The paucity of resources led Husain to move to Bombay where he became a painter of huge film banners. He also studied for a while at the Sir JJ School of Art. Later, he came into contact with the Austrian expressionist Langheimer and the art critic Rudy Von Leydon, both refugees from Hitler’s Nazi Germany. These two men played a seminal role in introducing 20th century Western art in Bombay. Husain became a co-founder, along with Francis Newton Souza, of the Progressive Artists Group in 1948.  In 1952, his first solo exhibition was held at Zurich. He was awarded Padma Shri by the Government of India in 1955. In 1967, he made his first film, ‘Through the Eyes of a Painter’. In 1971, he was a special invitee along with Pablo Picasso at the Sao Paulo Biennial (Brazil). In 1973, he was awarded Padma Bhushan. He was nominated as a Rajya Sabha member in 1986.  Later, in 1991, he was awarded Padma Vibhushan by the Indian Government.

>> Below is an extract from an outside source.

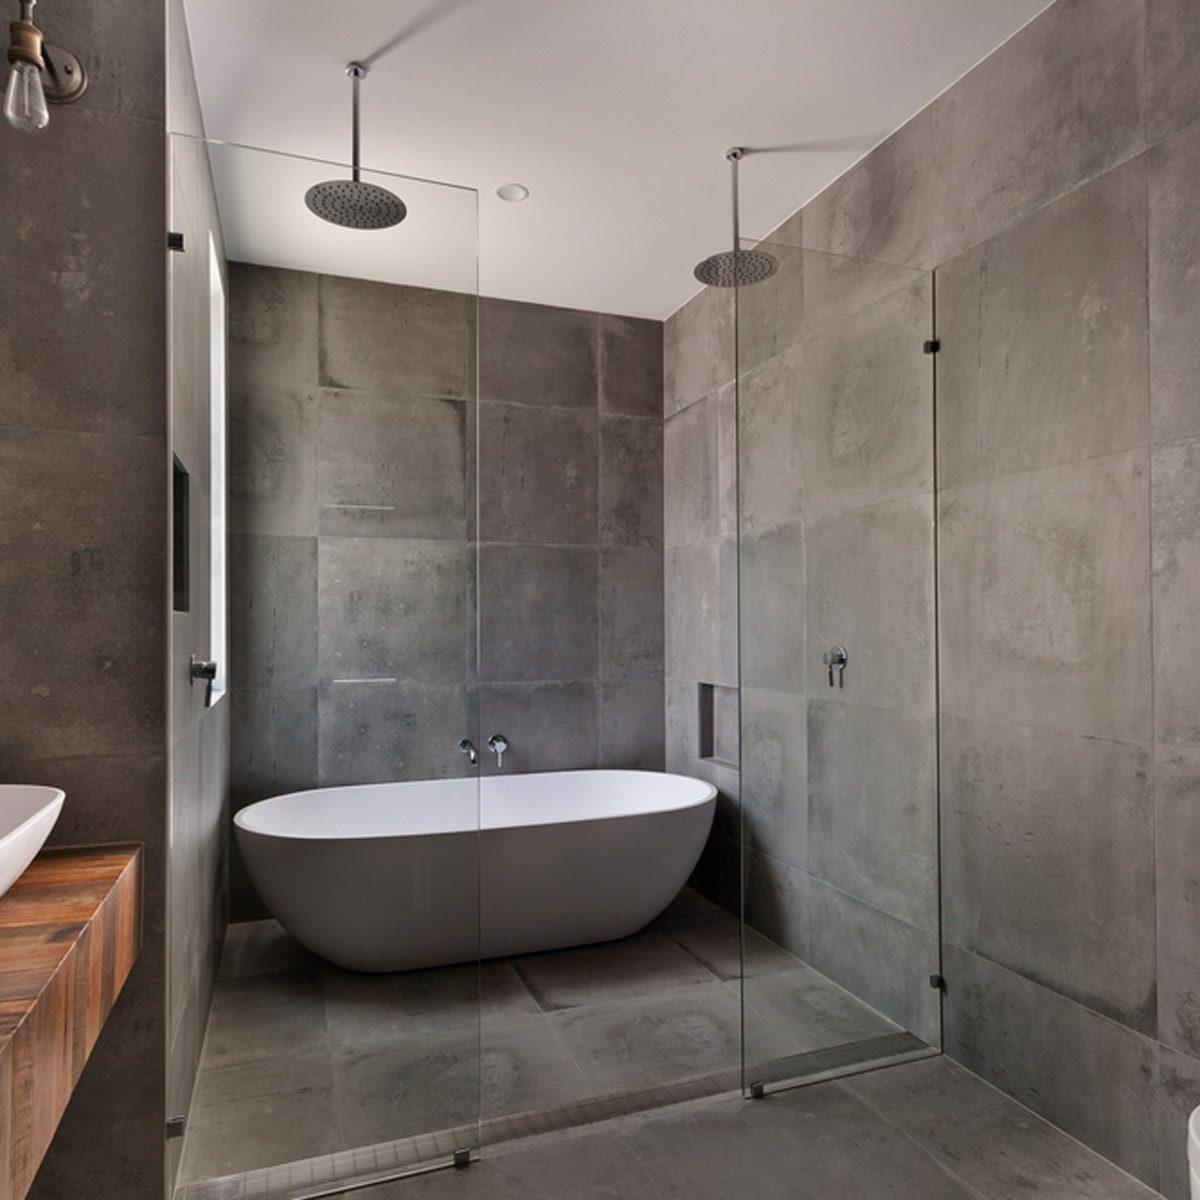 10 Genius Small Master Bathroom Ideas That Wow Family Handyman

Contribution to Indian Art
  • His narrative paintings, executed in a modified Cubist style, can be caustic and funny as well as serious and sombre. His themes which were usually treated in series included diverse topics such as Mohandas K. Gandhi, Mother Teresa, the Ramayana, the Mahabharata, the British raj, and motifs of Indian urban and rural life.
  • He has also produced & directed several movies, including Gaja Gamini and Meenaxi: A Tale of Three Cities.
  • Husain was charged with “hurting sentiments of people” because of his nude portraits of Hindu gods and goddesses in 2006. Since then he lived in self-imposed exile from until his death. At Christie’s auction in 2008, Husain became the best-paid painter in India, with his highest-selling piece fetching $1.6 million. He was conferred Qatari nationality in 2010. For the last years of his life Husain lived in Dubai and London. M. F. Husain died in 2011.

Tyeb Mehta

Tyeb Mehta (1925-2009) was one of the pioneers of modern Indian art. He was born in 1925 in Kapadvanj, a town of Kheda district, Gujarat. During his early days, he worked as a film editor in a cinema laboratory at Famous Studio (Mumbai). In 1952, he joined Sir J.J. School of Art where he received a diploma and became a part Bombay Progressive Artists’ Group, due to which he was strongly influenced and inspired by Western Modernism. In 1959, he went to London and worked there for nearly 5 years. During this period, he was highly influenced by the expressionist works of Francis Bacon. He was later awarded the Rockefeller Fellowship in 1968 for which he went to New York. While in New York his work came to be characterized by minimalism. He also won a gold medal for painting first Triennial in New Delhi in 1968.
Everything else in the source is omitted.